Elle eut une exclamation enfantine :
— Oh ! bien sûr, je connais. La semaine dernière on a passé un film de vous à la télévision : « Les portes du Désir ».
— Un péché de jeunesse, m’excusai-je, à l’époque j’avais encore un peu faim, j’écrivais n’importe quoi, pour n’importe qui, à n’importe quel prix. Depuis, bien du temps a passé. Je croyais qu’il y avait prescription, mais cette foutue télé est une nécrophage qui exhume les pires cadavres pour les dévorer.
Elle but son verre. Aussitôt ses traits se modifièrent. Profitant de ce qu’elle louchait en direction de Rossel, je fis signe au barman de lui servir un nouveau scotch.
Quand elle s’aperçut de la chose, elle se contenta de murmurer : « Traître » et de sourire.
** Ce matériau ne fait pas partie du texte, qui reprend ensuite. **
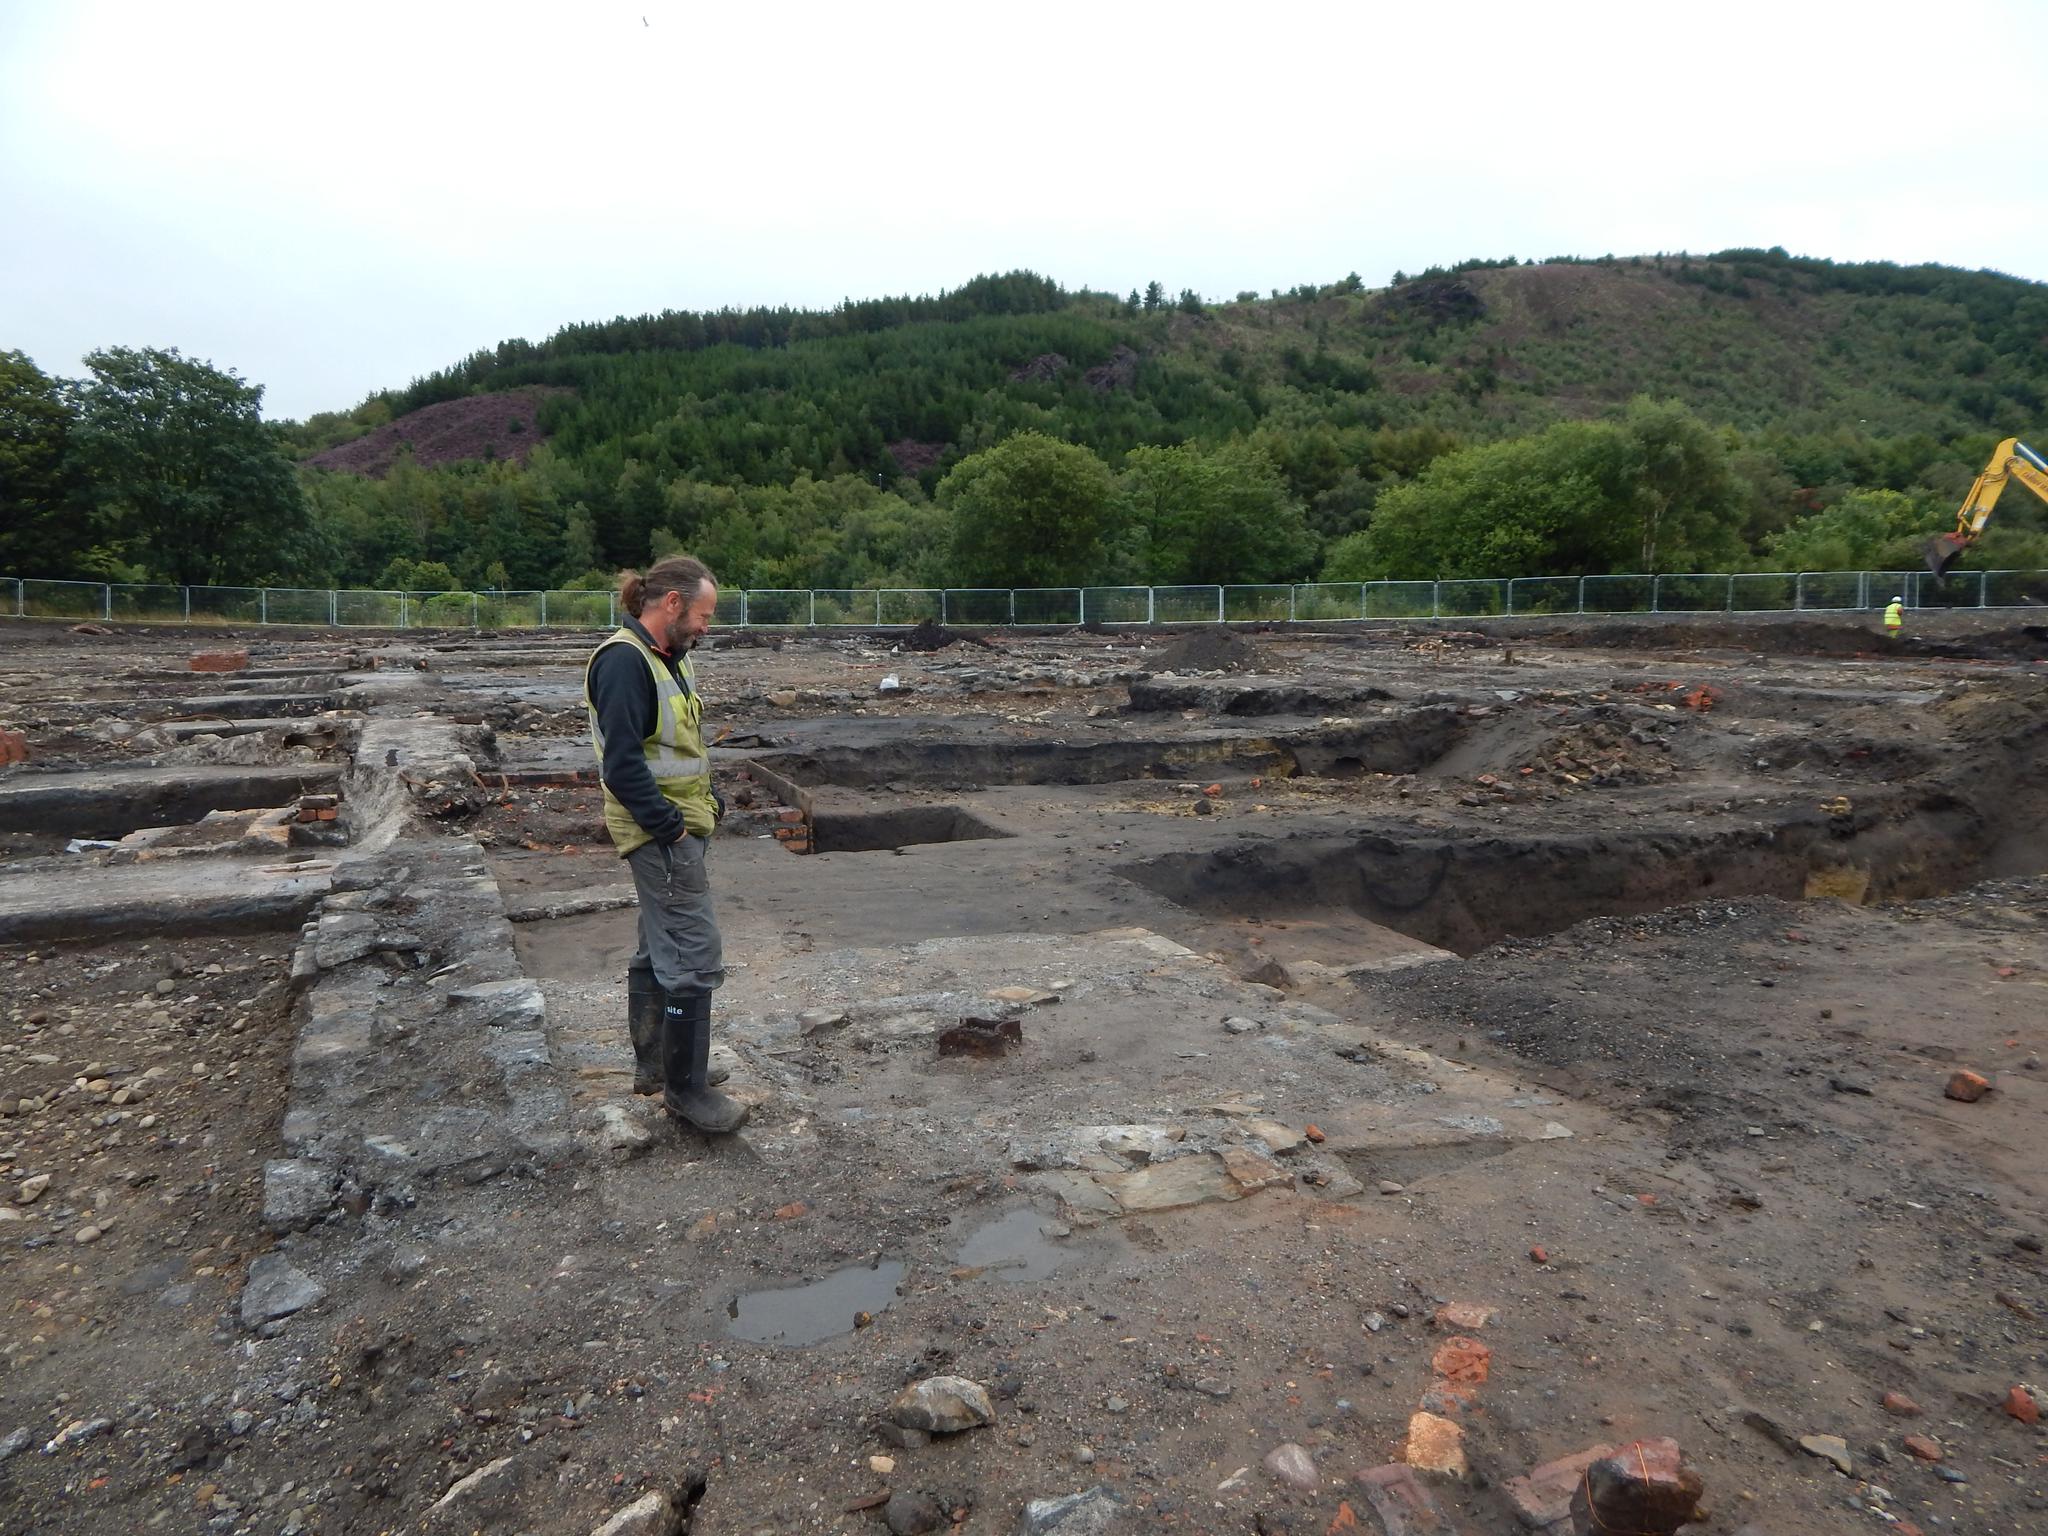 Excavation at Hafod foundry, photograph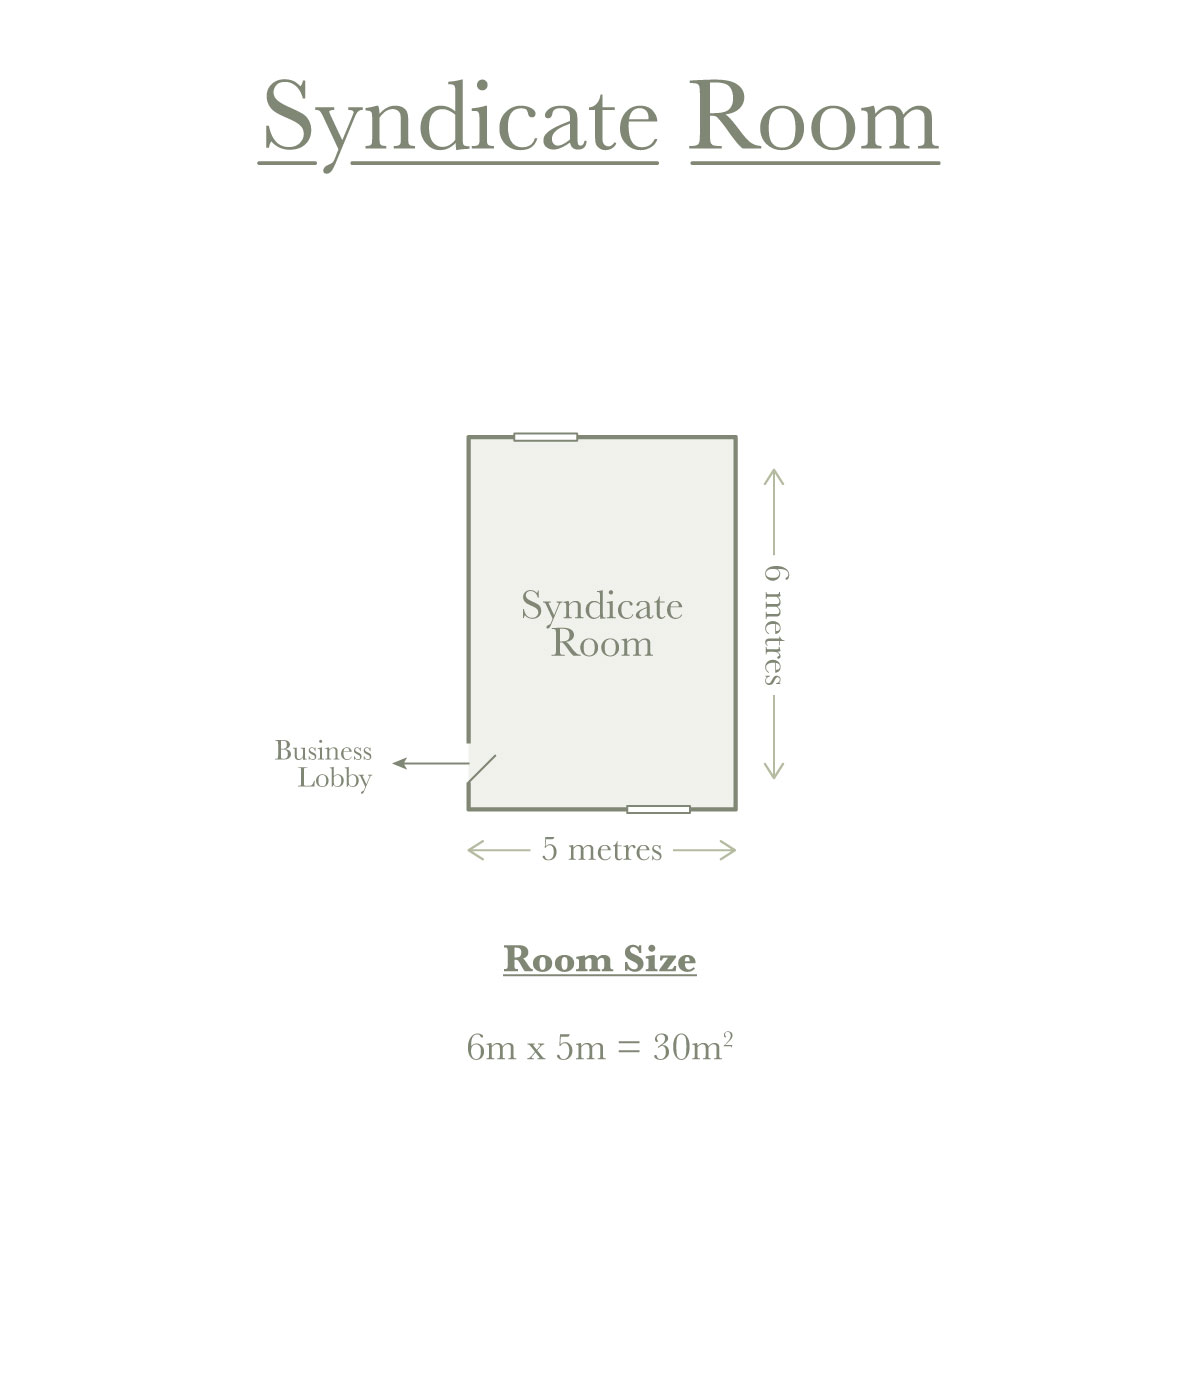 Syndicate Room Plan with Measurements

Je sus alors, malgré mon ivresse, que tout allait recommencer.
CHAPITRE VI
— Vous me le demanderez, mon autographe, hein ? Vous me le demanderez ?
Elle avait moins bu que la veille, mais elle était dix fois plus saoule. Quant à moi, j’appréhendais ce qui se passerait lorsque je descendrais de mon perchoir.
— Vous serez bien avancé avec le nom de ce connard sur un bout de papier. Vous le ferez mettre sous verre ?
— Il représente quelque chose d’inouï, pour moi. J’étais amoureuse de lui dans ma jeunesse ! Je rêvais de l’approcher, de lui parler… Et puis il est là, il m’a serré la main, il…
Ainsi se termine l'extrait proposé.